Rastas now sailing the high seas in Royal Navy; but ‘no go’ from JDF
Left to right: Leading Aircraft Handler Melchion Quammie; Lieutenant Shabaka Kenyatta; Leading Aircraft Handler Shavorn Phillip; and Leading Logistician Supply Chain H Kevin Joseph, of the Defence Rastafarian Network. Dec 20, 2019. (Photo Credit: LPHOT LUKE/ROYAL NAVY)
The UK media has reported that the Royal Navy has changed its rules to allow Rastafarians to keep their long hair and beards while serving in the organisation.
Major Basil Jarrett, the Jamaica Defence Force’s (JDF) Civil Military and Media Affairs Officer, has acknowledged the move and, in response, said the JDF does not discriminate on the basis of religion or denomination, but admitted that there are still obstacles to the JDF mirroring such a move.
“What would bring a practising Rastafarian to odds with us is primarily the cutting of his hair and the use of marijuana as a holy sacrament. The force (JDF) has very strict codes of conduct relating to those two things, and so (those) would present real obstacles," Jarrett told Loop Jamaica reporter, Claude Mills.
Rastafarianism originated among mostly impoverished and socially-disenfranchised Afro-Jamaican communities in the 1930s, and has been largely reflective of Jamaicans who developed an African ideology against island's then dominant British colonial culture.
In the 1950s, the Rastafarian-infused ideology created direct conflict with the political establishment and the wider society, and sparked violent clashes with law enforcement and the ostracising of the children of the Rastafarian exponents from the formal educational system.
Eventually, in the 1960s and 1970s, the movement gained increased respectability within Jamaica, and greater visibility abroad, through the popularity of Rasta-inspired reggae musicians, most notably, Bob Marley.
However, discrimination is known to still exist, with Rastafarians often depicted as poorly-groomed pot heads in common culture because of their use of marijuana and the wearing of dreads.
Fast forward 40 years and Rastafarianism is now the fastest growing religion among British soldiers. An article in a United Kingdom newspaper – The Daily Star – highlighted that there are currently 210 Rastas in Her Majesty’s Armed Forces, a 40 per cent increase since 2016, when they numbered 150.
The article attributed the climb to the UK’s Ministry of Defence having to broaden its recruiting horizons following the sacking of thousands of sailors, soldiers and airmen as part of defence cuts.
However, while the JDF has not embraced the idea of enlisting dread-locked soldiers, the force does appreciate the healthy lifestyles that are generally practised by Rastafarians.
“The JDF actually admires the healthy living, clean eating and, certainly, the emphasis on peace, brotherly love and goodwill to all men. These are values the JDF endorses,” Jarrett stated.
Major Basil Jarrett
Notably, the use of marijuana as a sacrament does not take place in the Royal Navy as there is “zero tolerance for drugs” in the armed forces.
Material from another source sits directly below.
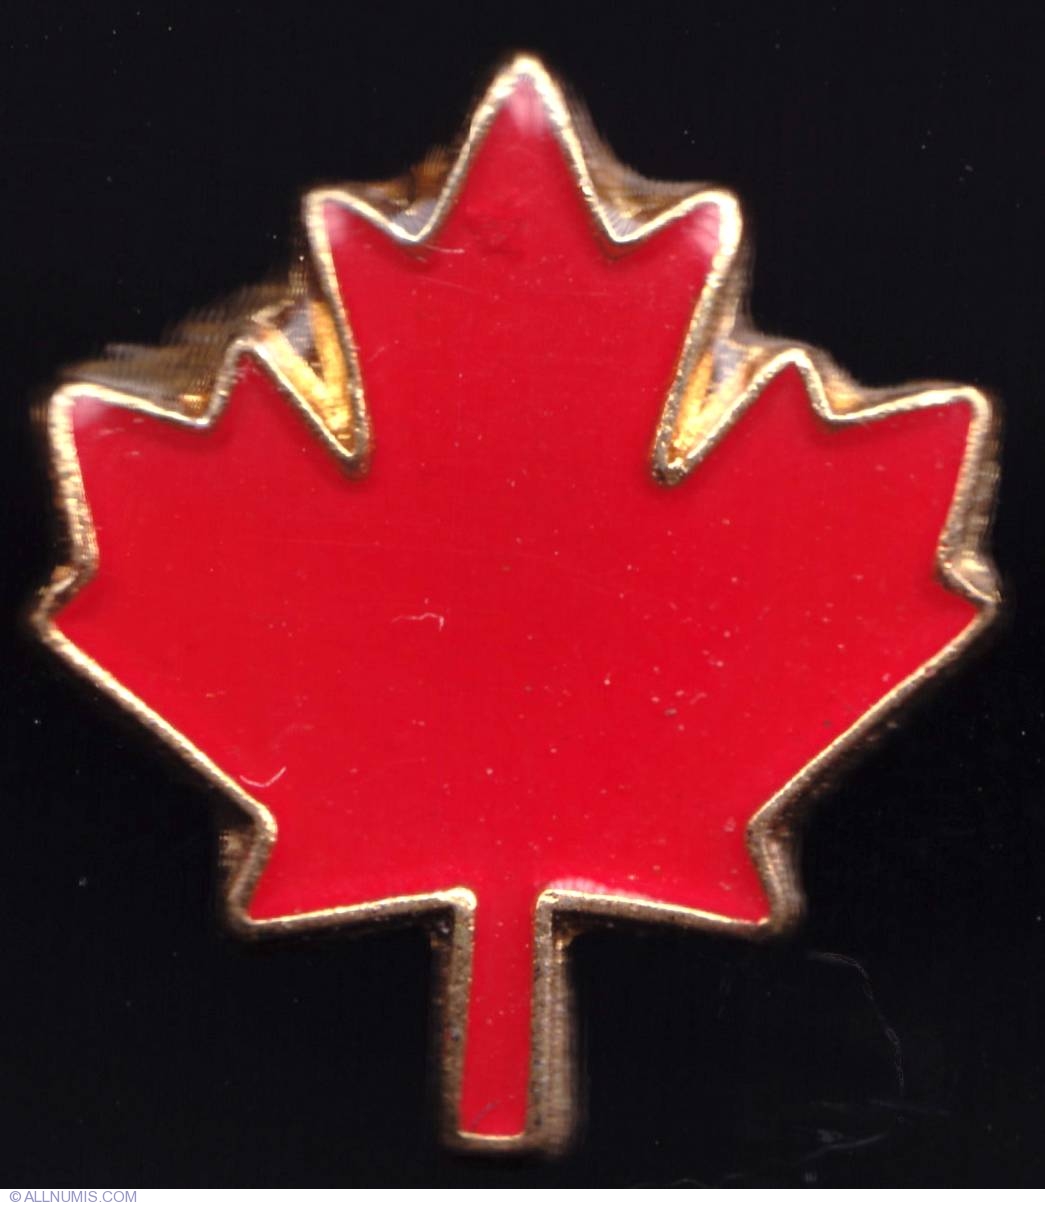 canadian-maple-leaf-type-4-canadian-identity-canada-pin-4242
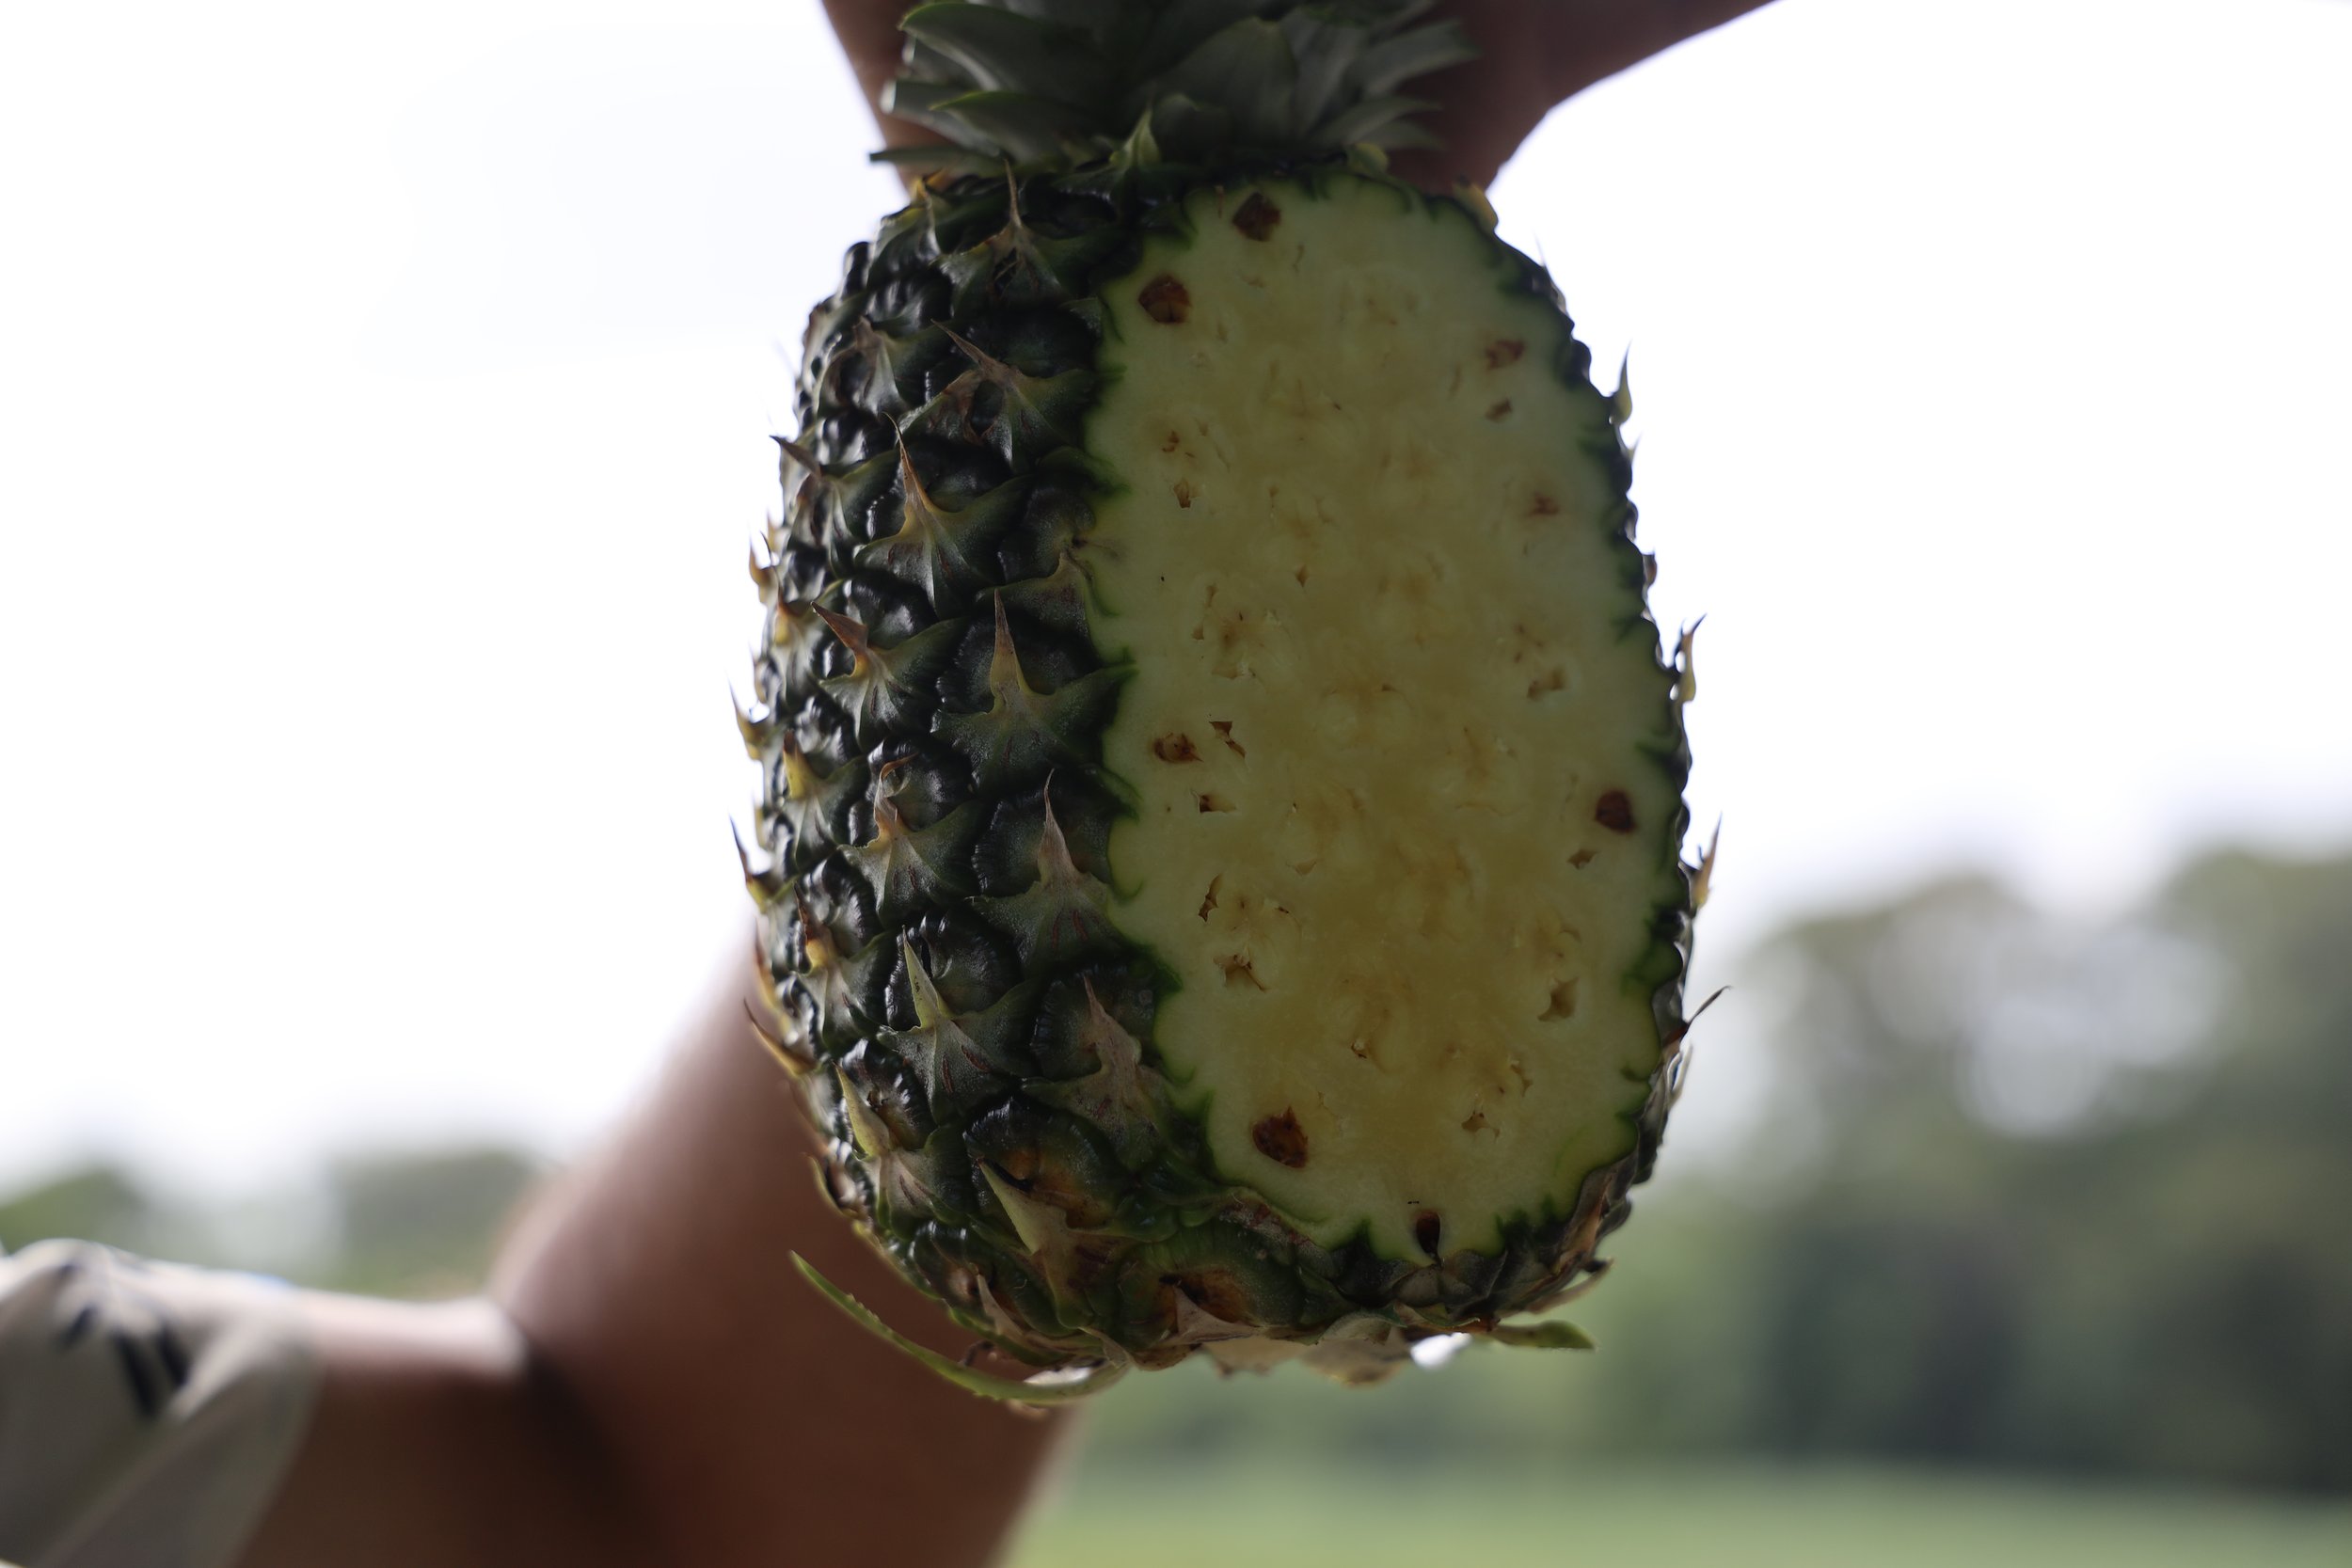  Contrary to popular belief, the green pineapples are ready for consumption. You can see the interior is ripe, and the juice is already leaking at the bottom.&nbsp; Pineapples, if stored in 45 degree temps, can last for about 40 days from the time th

The government website has a document on religion and the armed forces, which makes the argument that: “Whilst the faith supports the smoking of ganja (marijuana), this practice remains unlawful in the UK, and is unaffected by the Equality Act.”
In the meantime, Lieutenant Shabaka Kenyatta, the Co-chair of the Defence Rastafarian Network (DRN) in the UK, told the Daily Telegraph that work is still required to break the myths around drug use and ethnicity regarding the religious and cultural movement, saying stereotypes must be challenged.
Kenyatta, 38, an officer in the Royal Navy, believes many people associate Rastafarians with “the things that people see on TV”, such as marijuana and drug taking.
However, the marine engineer said there is “zero tolerance for drugs” in the armed forces.
“One of the biggest myths is that all Rastafarians smoke weed. That was one we had to shut down quickly,” he said.
He pointed to another myth that Rastafarians all have to be black.
“We have to be there to increase awareness that it is not about being black or white,” he told the Telegraph. “It’s open to anyone and everyone, it’s a way of life to follow.
“You have bald-headed rastas (and) don’t necessarily have to have dread(locks) to be a rasta; you don’t have to be from the Caribbean, Africa or Ethiopia.”
The DRN was set up in 2017, and is comprised of almost 300 members from all three services, and the MoD civil service. Most come from the army.